Judging by the answer, you not only did not watch the video, but also did not read what I wrote.
The author criticizes religion for the lack of a uniform approach to such concepts as life after death, achieving it, and also for the fact that in all religions there is a certain superhero who gives the truth.
I suggested a new layer: what if the idea of ??life after death is, first of all, an attempt to justify ethics. you behave well, after death you get a continuation of life in heaven. the concept of behaving well for different times and societies has different content. hence the different ways to get to "heaven" in different religions.
I only said that as a tool for justifying good behavior, religions do not contradict each other.
For example, the Wheel of Samsara in Hinduism served as one of the ideological justifications for the caste system, explaining social inequality through karma and motivating people to follow caste duties for the sake of a better rebirth. the idea of Valhalla for the Vikings justified courage, heroism and risk for warriors. the idea of humility in the name of heaven in Christianity made it easier for the lowest classes to accept their oppression.
The list goes on and on. The main idea is that the justification through the afterlife (or rebirth) has always served for ethic
My point is simply that religions are inherently exclusive and fail the excluded. Your example illustrates this well. In Orthodox Brahmanical Hinduism the untouchables were denied even spiritual mobility—were excluded within their own culture and religious tradition by no fault of their own.

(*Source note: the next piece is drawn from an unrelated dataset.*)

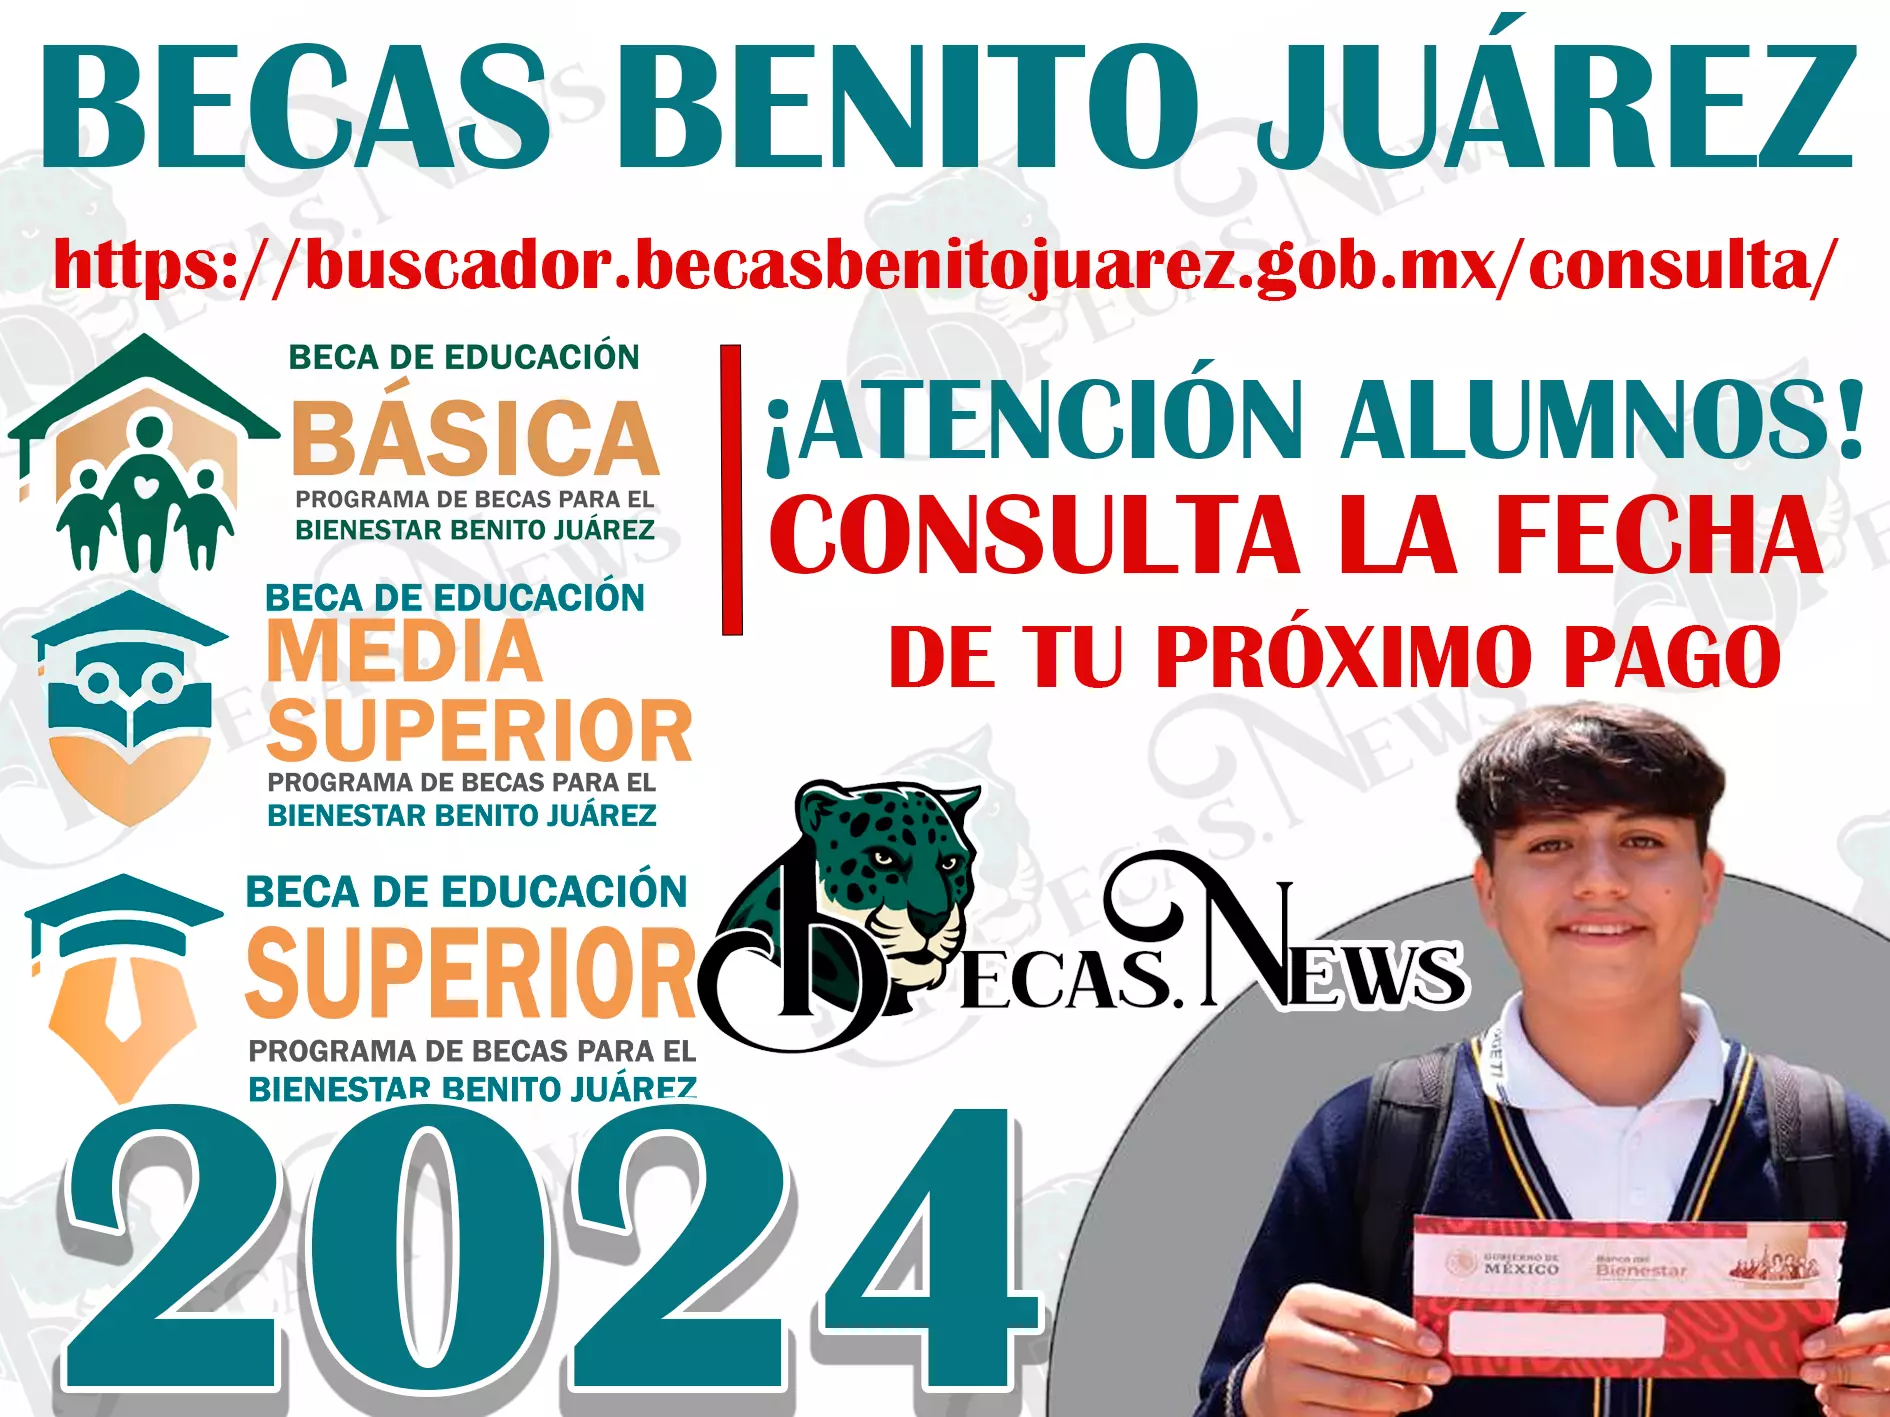 ¡Atención alumnos! Esta es la fecha del próximo pago de la Beca Benito Juárez
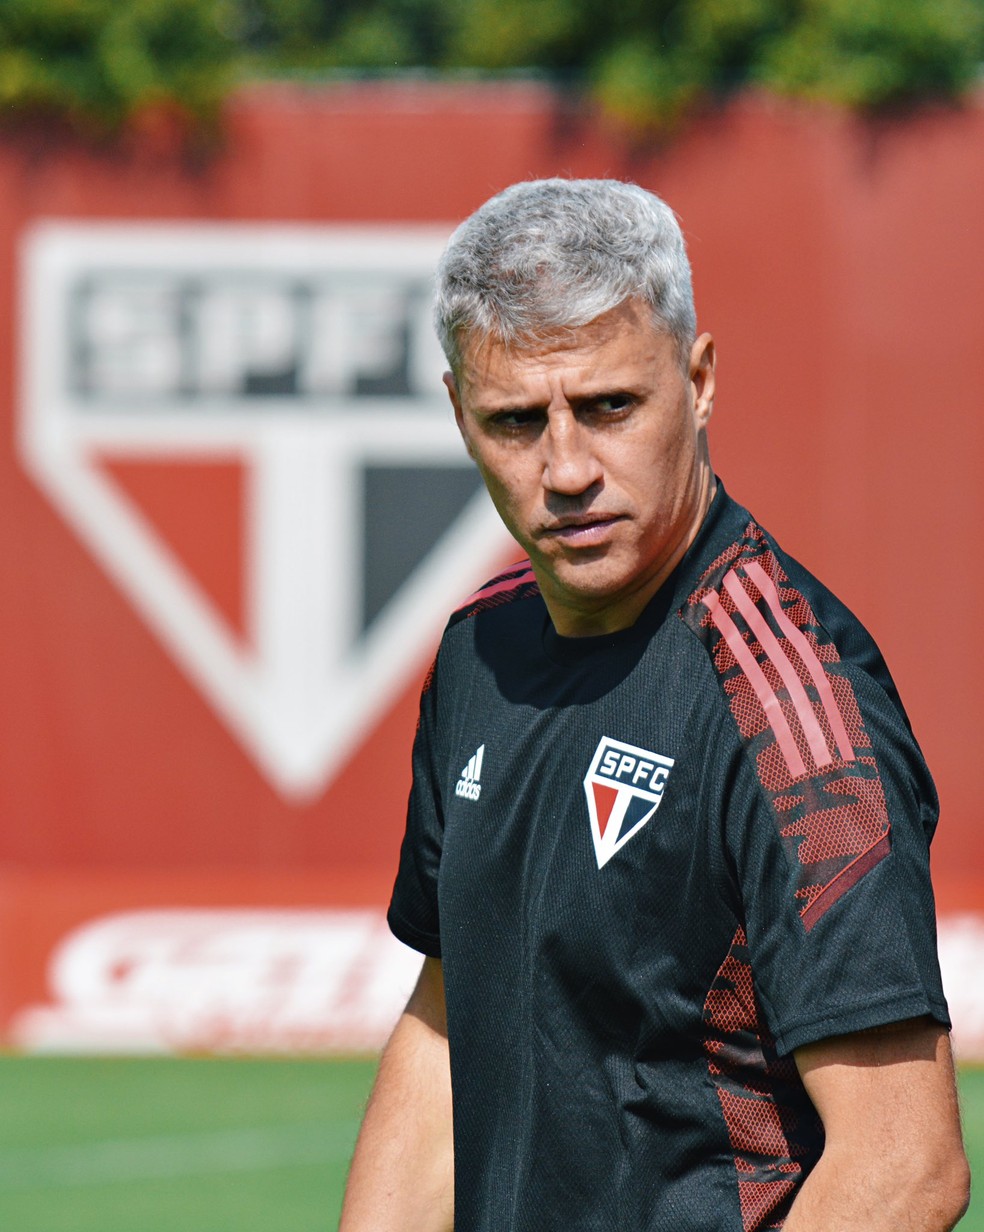 Crespo elogia desempenho do São Paulo no Campeonato Brasileiro: “O

Your example also shows how religions change as untouchability and caste discrimination has been banned for many years.
Instead, it seems to be just garden variety Reddit atheist stuff from the 2000s.
I went to watch the video and got this message:
Video unavailable
This video is no longer available because the YouTube account associated with this video has been terminated.
Is there a new link?
Yes, I've moved the videos to Vimeo.
Here's a link to the video in question.
109 – Why Religions Fail https://vimeo.com/1135038855
And here's a link to the entire catalog of Natural Theology videos.
https://adamford.com/catalog_naturaltheology/
Unlike finding the truth religions typically declare what's true by reference to scripture, priests, traditions, blind belief etc.
So you come to the conclusion that the superior faith is "faith in truth itself, and in the reasonable and goodness of the universe", better than believing in the ancient stories that traditional religions give us.
First of all. I thin it's naive to think that religions are about truth. They aren't. Sure, they proclaim that they are the truth, yet notice what answer they give: that it's faith, not reason. Religions give us a moral compass on just what is right and what is wrong. They do give us also creation stories and tell us what happens after we die, yet especially the part what happens after we die is still linked to how we live our life (and hence is about doing the good and not bad).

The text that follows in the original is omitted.